Sixth, although statistically significant, the BCC results show that the improvement of the best-performing model is moderate with respect to the score achieved by aggregating standard clinical information. Thus, whereas molecular prognostic models derived from BCC warrant further investigation into their clinical utility, our results also suggest a new benchmark for future predictive methods derived from incorporating clinical covariates into state-of-the-art ensemble methods such as boosting or random forests. Future Challenges also may investigate the use of additional types of genomic information.

Finally, the sharing of ideas enabled by requiring submissions as rerunnable source code may ironically inhibit the diversity of innovations, effectively encouraging a monoculture as the community converges on a local optimum, modifying and extending approaches with high performance in the early stages of feedback (39). Improvements for future Challenges may include short embargo periods before sharing source code, with release possibly associated with declaring winners in stages of sub-Challenges with slightly modified data or prediction criteria. In addition, future Challenges that promote code sharing should establish well-defined criteria for assigning proper attribution (for example, in publication of winning models resulting from the Challenge) to all participants who made material intellectual contributions that were incorporated into the final winning model.

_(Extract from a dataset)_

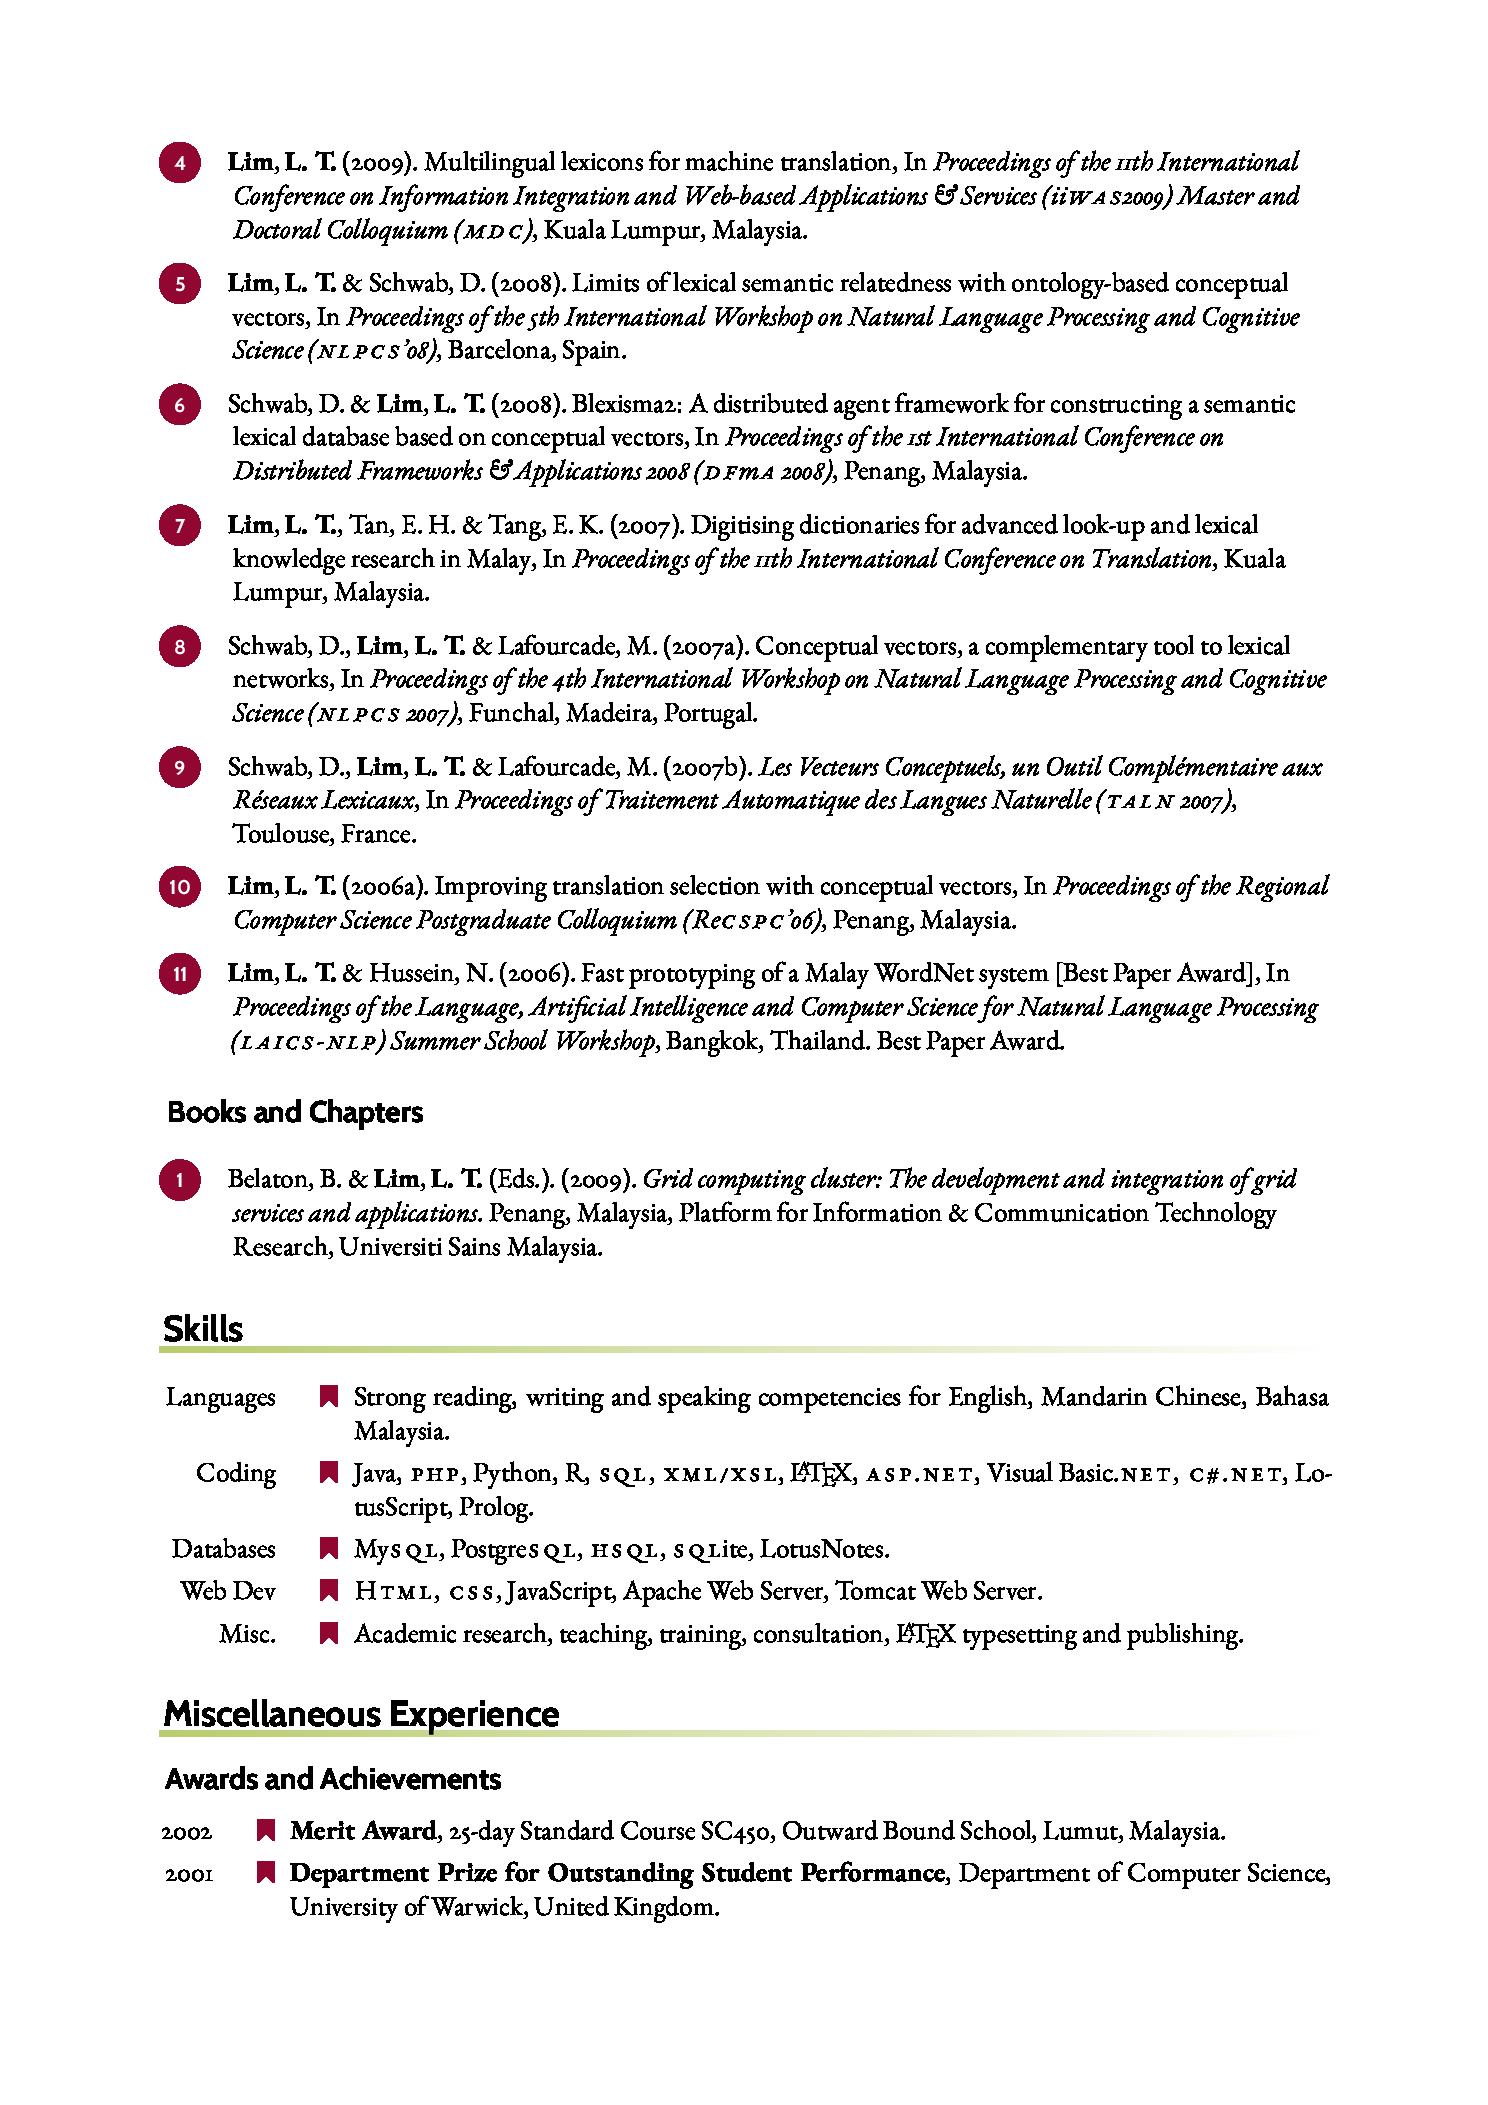 一个从 CurVe 定制而来的简历样式 - 林莲枝

More generally, it is important to develop a reward system that favors collaborative research practices that balance the currently prevalent winner-takes-all reward system.

Our results reinforce the trend from efforts such as CASP, DREAM, and others that Challenges incentivize collaboration and rapid learning, create iterative solutions in which one Challenge may feed into follow-up Challenges, motivate the generation of new data to answer clinically relevant questions, and provide the means for objective criteria to prioritize approaches likely to translate basic research into improved benefit to patients. We envision that expanding such mechanisms to facilitate broad participation from the scientific community in solving impactful biomedical problems and assessing molecular predictors of disease phenotypes could be integral to building a transparent, extensible resource at the heart of precision medicine.

## Materials and Methods

### Challenge timeline

The BCC comprised three phases spanning a period of 3 months: (i) an orientation phase, (ii) a training phase, and (iii) a validation phase.

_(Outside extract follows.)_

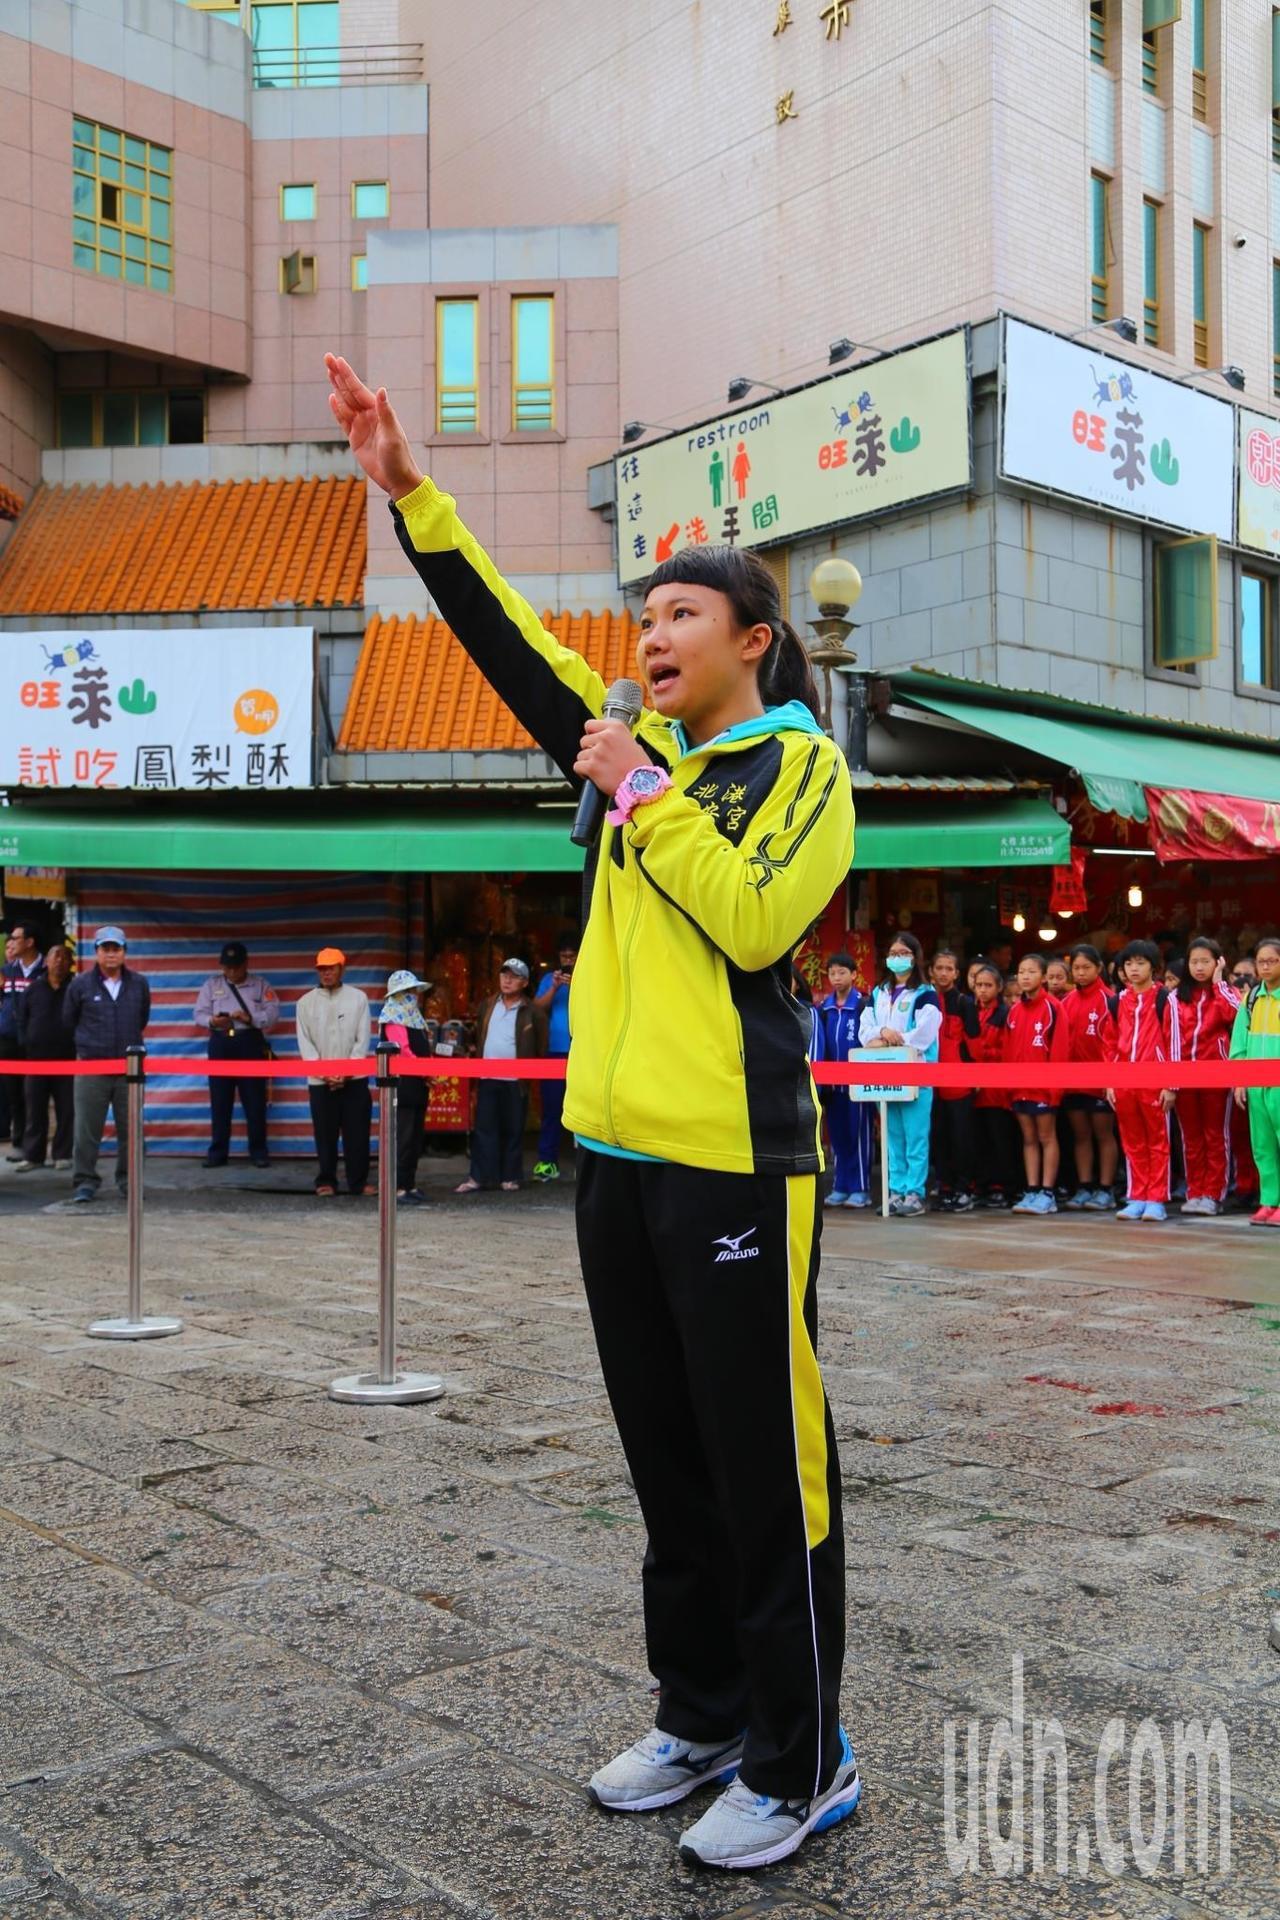 球員隊表向媽祖宣誓。記者蔡維斌/攝影

In phase 1, participants were provided mRNA and copy number aberration (CNA) data from 997 samples from METABRIC alongside the clinical data to train predictive models of patient OS. Samples contained in this training set corresponded to those used as a training set in the original publication of the METABRIC data set (22). During this phase of the Challenge (17 July to 22 September 2012), models were evaluated in real time against a held-out data set of 500 METABRIC samples, and a leaderboard was developed to display CI scores for each model, based on predicted versus observed survival times in these 500 held-out samples.

In phase 2 (25 September to 15 October 2012), lessons learned from the previous phase were implemented: The clinical variable “LN status” was changed from binary (positive or negative) values to integer values, representing the number of affected LNs; the gene expression and CNA data were renormalized (as described below) to better correct for batch effects; and the full cohort was randomly split into a new training and a new testing set to correct for sample biases from the original split (for example, in the original split, nearly all missing clinical covariates were in the test set). During this phase, models were trained on a training set of 1000 samples and evaluated in real time against a held-out test data set of 500 samples. The resulting scores were posted on a new leaderboard and, at the end of phase 2, were evaluated against the remaining held-out 481 samples. The winner of this phase was determined on the basis of evaluation in this second test set. All official scoring was performed using the OS endpoint, although based on requests from Challenge participants, we also configured a leaderboard that allowed participants to assess their model scores against DS survival as a secondary “unofficial” evaluation.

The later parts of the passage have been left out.